Restate every line of the material below word for word, skipping the images.

§ **Recorded information**
● ● ● ●

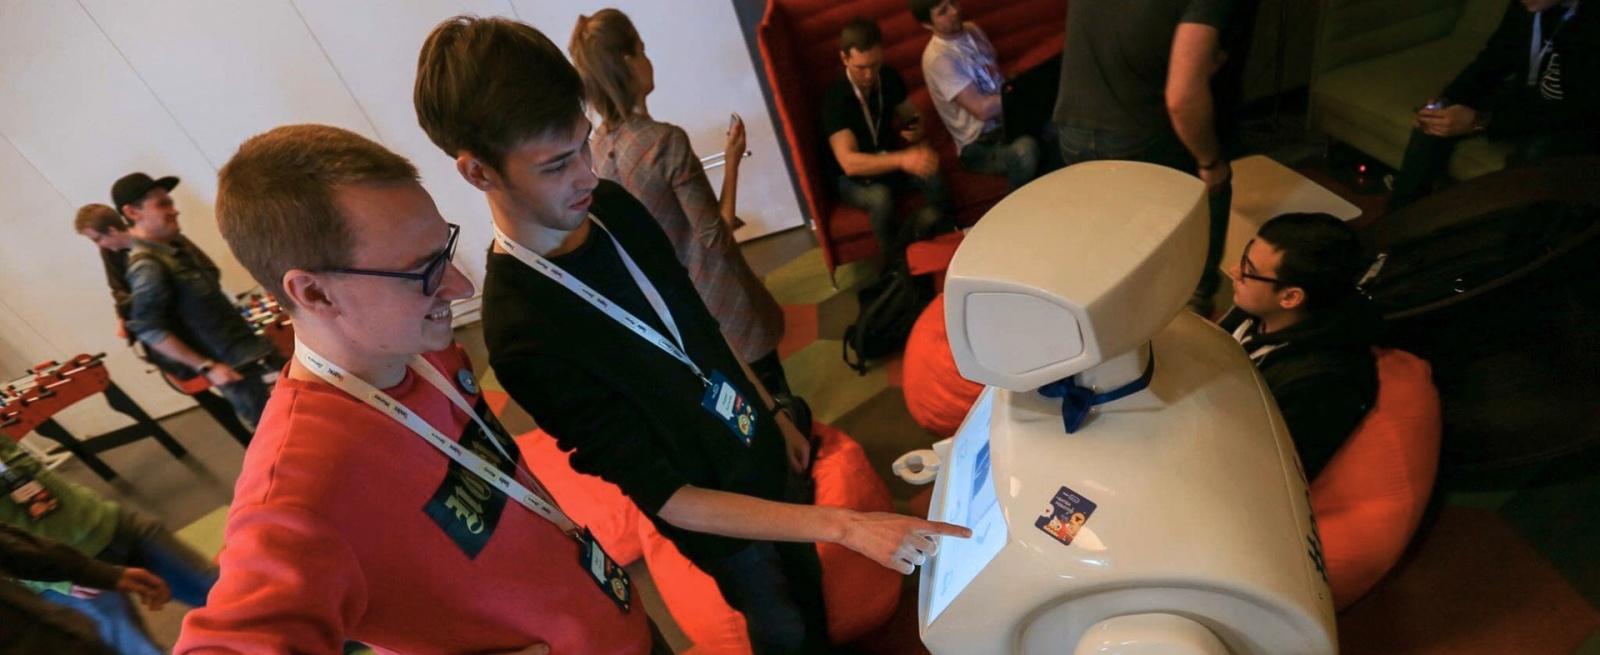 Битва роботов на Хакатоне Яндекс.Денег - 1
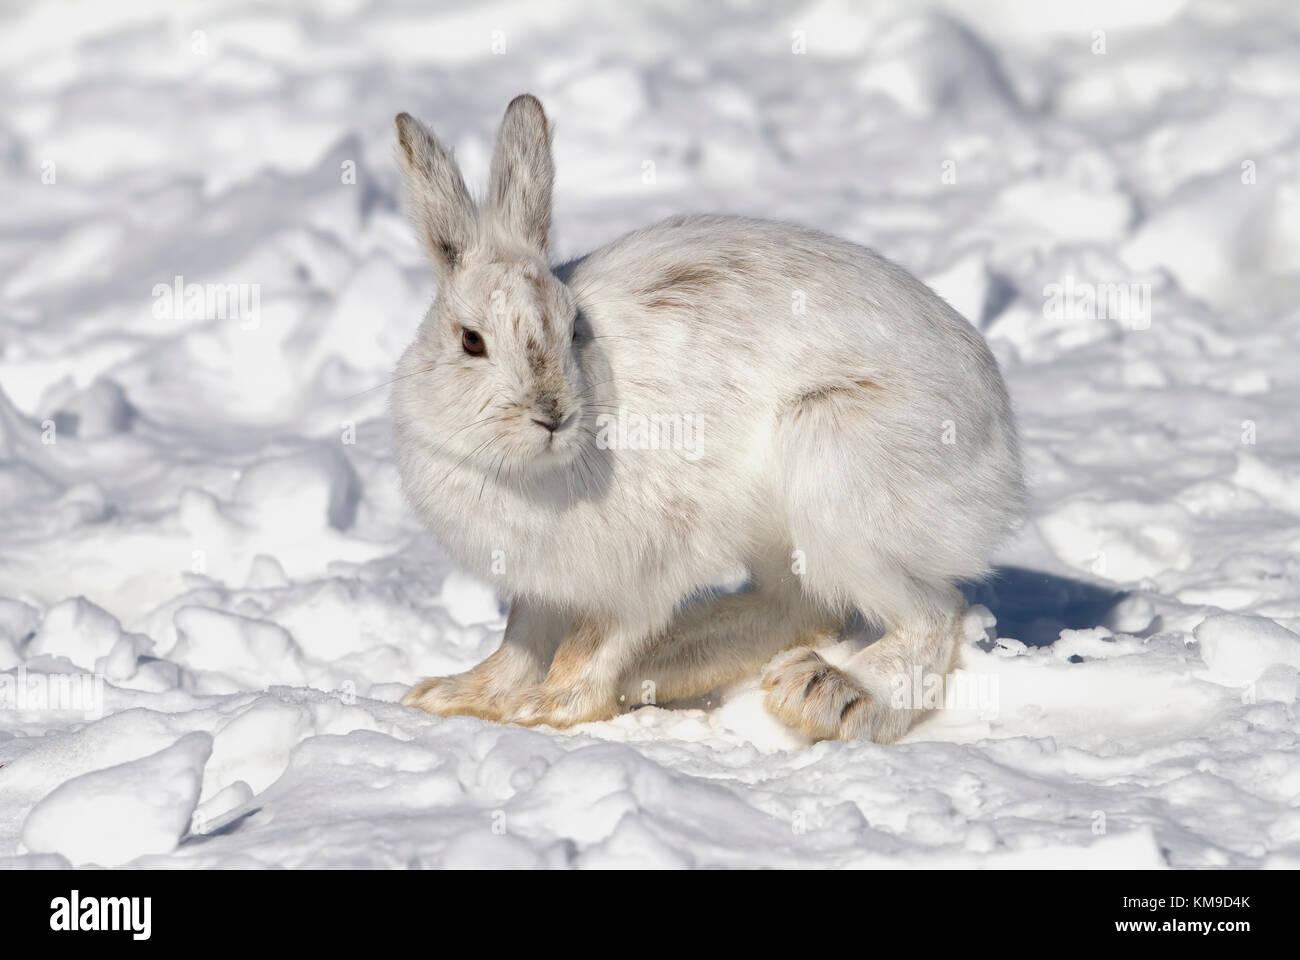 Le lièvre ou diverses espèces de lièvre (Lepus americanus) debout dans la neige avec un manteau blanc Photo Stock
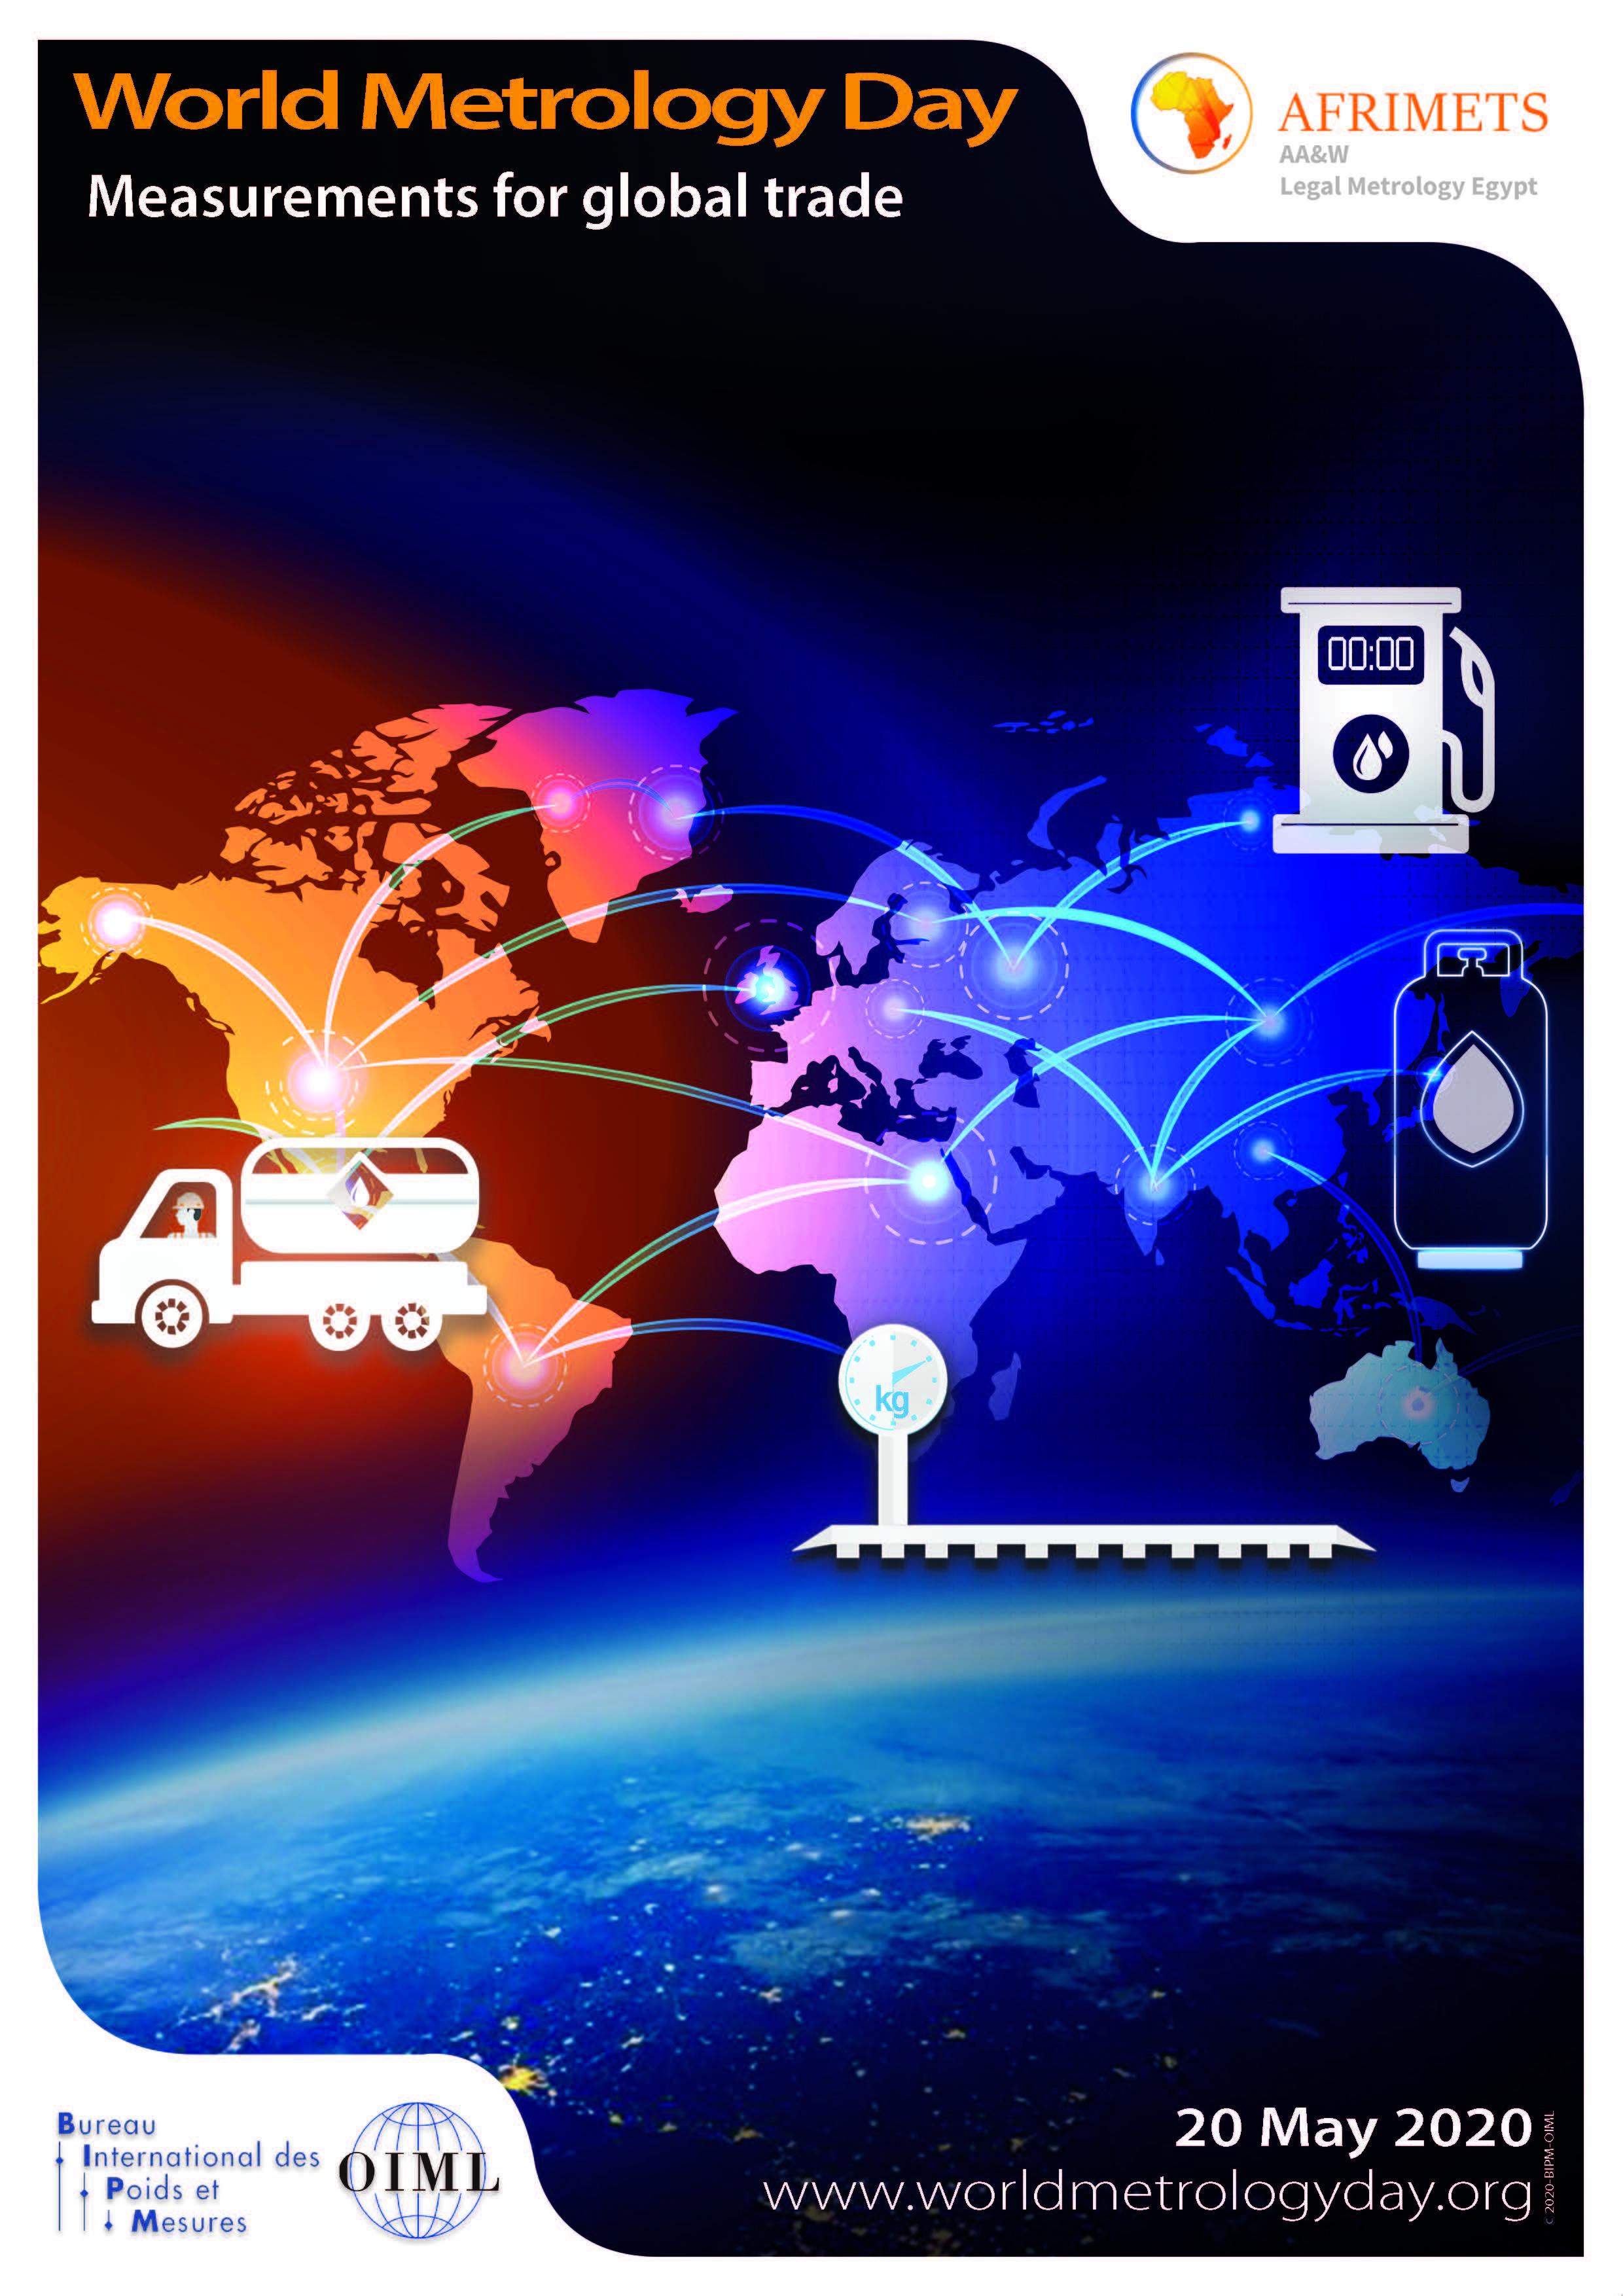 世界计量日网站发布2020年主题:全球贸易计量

● ● ● ●

§ **Answer section**
 Битва роботов на Хакатоне Яндекс.Денег - 1
 Le lièvre ou diverses espèces de lièvre (Lepus americanus) debout dans la neige avec un manteau blanc Photo Stock
 世界计量日网站发布2020年主题:全球贸易计量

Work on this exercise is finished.